DESCRIPTION (provided by applicant): Human cytomegalovirus (HCMV) is the major viral cause of birth defects and affects the central nervous system. It is likely that gestational age an the stage of differentiation of the susceptible neural cells at the time of infection will determin the severity of the disease. A primary goal of this proposal is to determine mechanistically how HCMV infection disrupts the homeostasis of cells of the neural lineage, and impairs survival and differentiation. The focus is on glycolysis, induction of ROS, and autophagy. A second goal is to determine whether we can interfere with the viral manipulation of these pathways, and thus inhibit the viral infection and restore cell survival and appropriate differentiation. For these studies we will use human primitive neural stem cells (pNSCs) that have been derived from approved embryonic stem cells. Established protocols will be used to differentiate the pNSCs to neurons and astrocytes. Cells will be infected with HCMV at various stages during differentiation as well as after differentiation to neurons and astrocytes. In Aim 1, we will determine how oxidative stress and altered metabolism in infected cells of the neural lineage impairs survival and differentiation. Various strategies will be employed to counter the effects of reactive oxygen species (ROS) and redirect glucose metabolism through the pentose phosphate pathway to maintain an antioxidant environment. In Aim 2, we will elucidate the effects of viral infection on autophagy. We predict that analogous to the effects of the infection in fibroblasts, HCMV will inhibit autophagy and this will contribute to altered differentiation and cell death. Since the actve form of Vitamin D3 has been shown to induce autophagy and impair HIV replication, we will determine whether raising the levels of active vitamin D3 will inhibit HCMV infection and have a positive impact on the health of the cell. We expect that these studies will provide great insight into the effects of HCMV on cellular metabolism and neurogenesis and serve as a foundation for future therapeutic efforts in preventing the birth defects due to congenital HCMV. In addition, the results will provide important information regarding how disseminated HCMV infection in immunosuppressed individuals might affect the function and differentiation of transplanted allogeneic neural stem cells, a serious potential problem that has received little attention thus far.

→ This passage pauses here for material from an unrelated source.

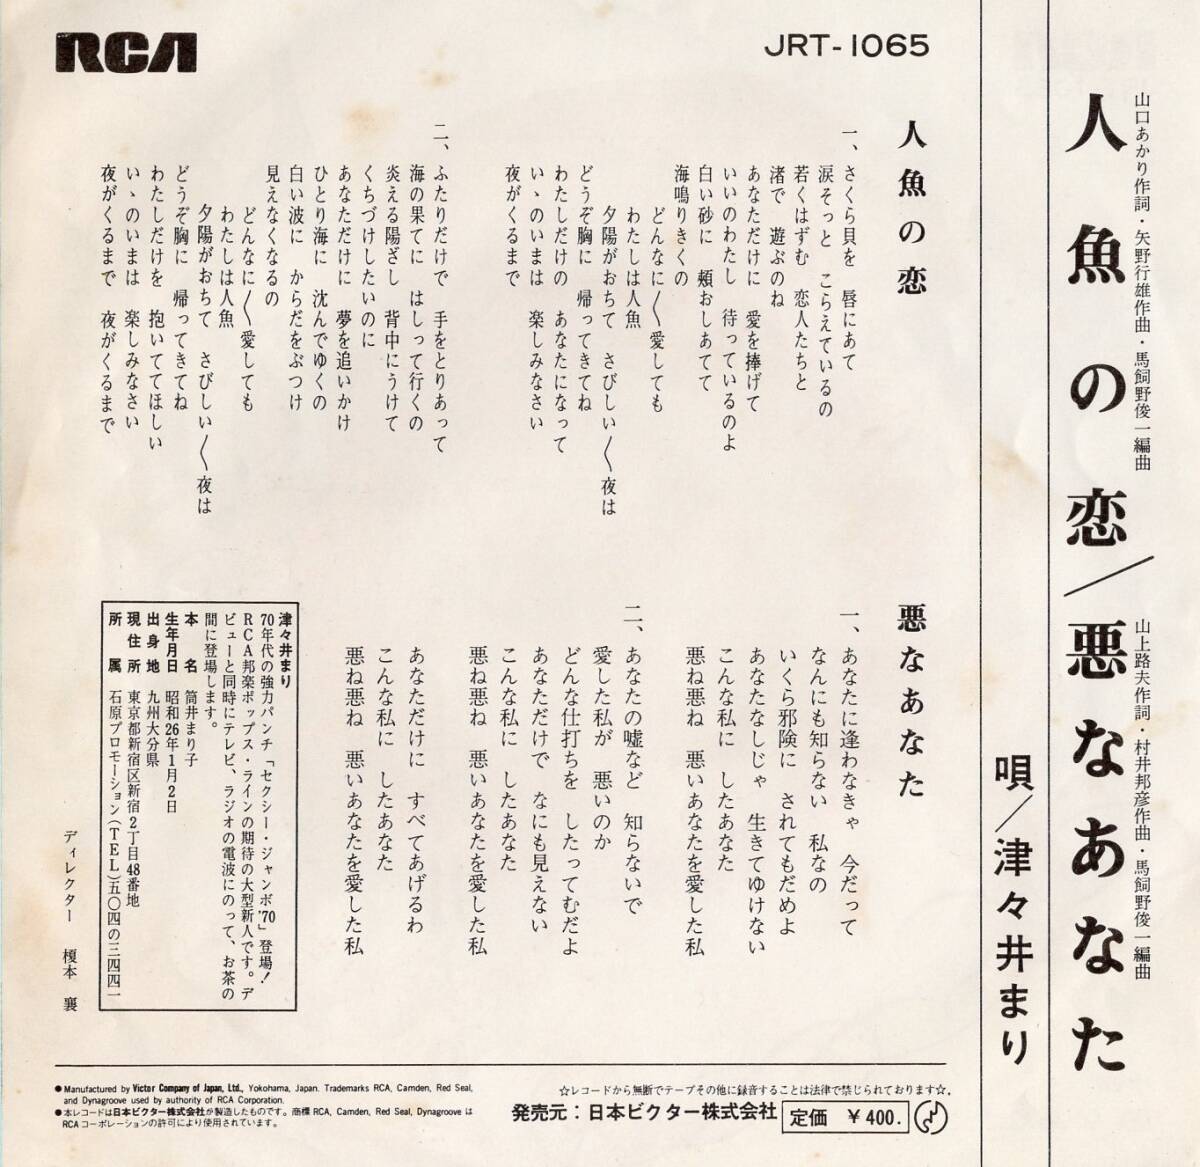 1970年昭和45年 津々井まり 人魚の恋 シングルレコード JRT-1065 昭和歌謡 和モノ?_画像2

描述（由申请人提供）：人类巨细胞病毒（HCMV）是导致出生缺陷的主要病毒原因，影响中枢神经系统。孕龄和感染时易感神经细胞的分化阶段可能决定疾病的严重程度。该提案的主要目标是从机制上确定 HCMV 感染如何破坏神经谱系细胞的稳态，并损害存活和分化。重点是糖酵解、ROS 诱导和自噬。第二个目标是确定我们是否可以干扰病毒对这些途径的操纵，从而抑制病毒感染并恢复细胞存活和适当的分化。在这些研究中，我们将使用源自批准的胚胎干细胞的人类原始神经干细胞 (pNSC)。已建立的方案将用于将 pNSC 区分为神经元和星形胶质细胞。细胞在分化过程中以及分化成神经元和星形胶质细胞后的各个阶段都会被HCMV感染。在目标 1 中，我们将确定神经谱系受感染细胞中的氧化应激和代谢改变如何损害存活和分化。将采用各种策略来对抗活性氧（ROS）的影响，并通过戊糖磷酸途径重新定向葡萄糖代谢，以维持抗氧化环境。在目标 2 中，我们将阐明病毒感染对自噬的影响。我们预测，与成纤维细胞感染的影响类似，HCMV 将抑制自噬，这将导致分化改变和细胞死亡。由于维生素 D3 的活性形式已被证明可以诱导自噬并损害 HIV 复制，因此我们将确定提高活性维生素 D3 的水平是否会抑制 HCMV 感染并对细胞的健康产生积极影响。我们期望这些研究能够深入了解 HCMV 对细胞代谢和神经发生的影响，并为未来预防先天性 HCMV 引起的出生缺陷的治疗工作奠定基础。此外， 结果将提供重要信息，说明免疫抑制个体中的播散性 HCMV 感染如何影响移植的同种异体神经干细胞的功能和分化，这是一个迄今为止很少受到关注的严重潜在问题。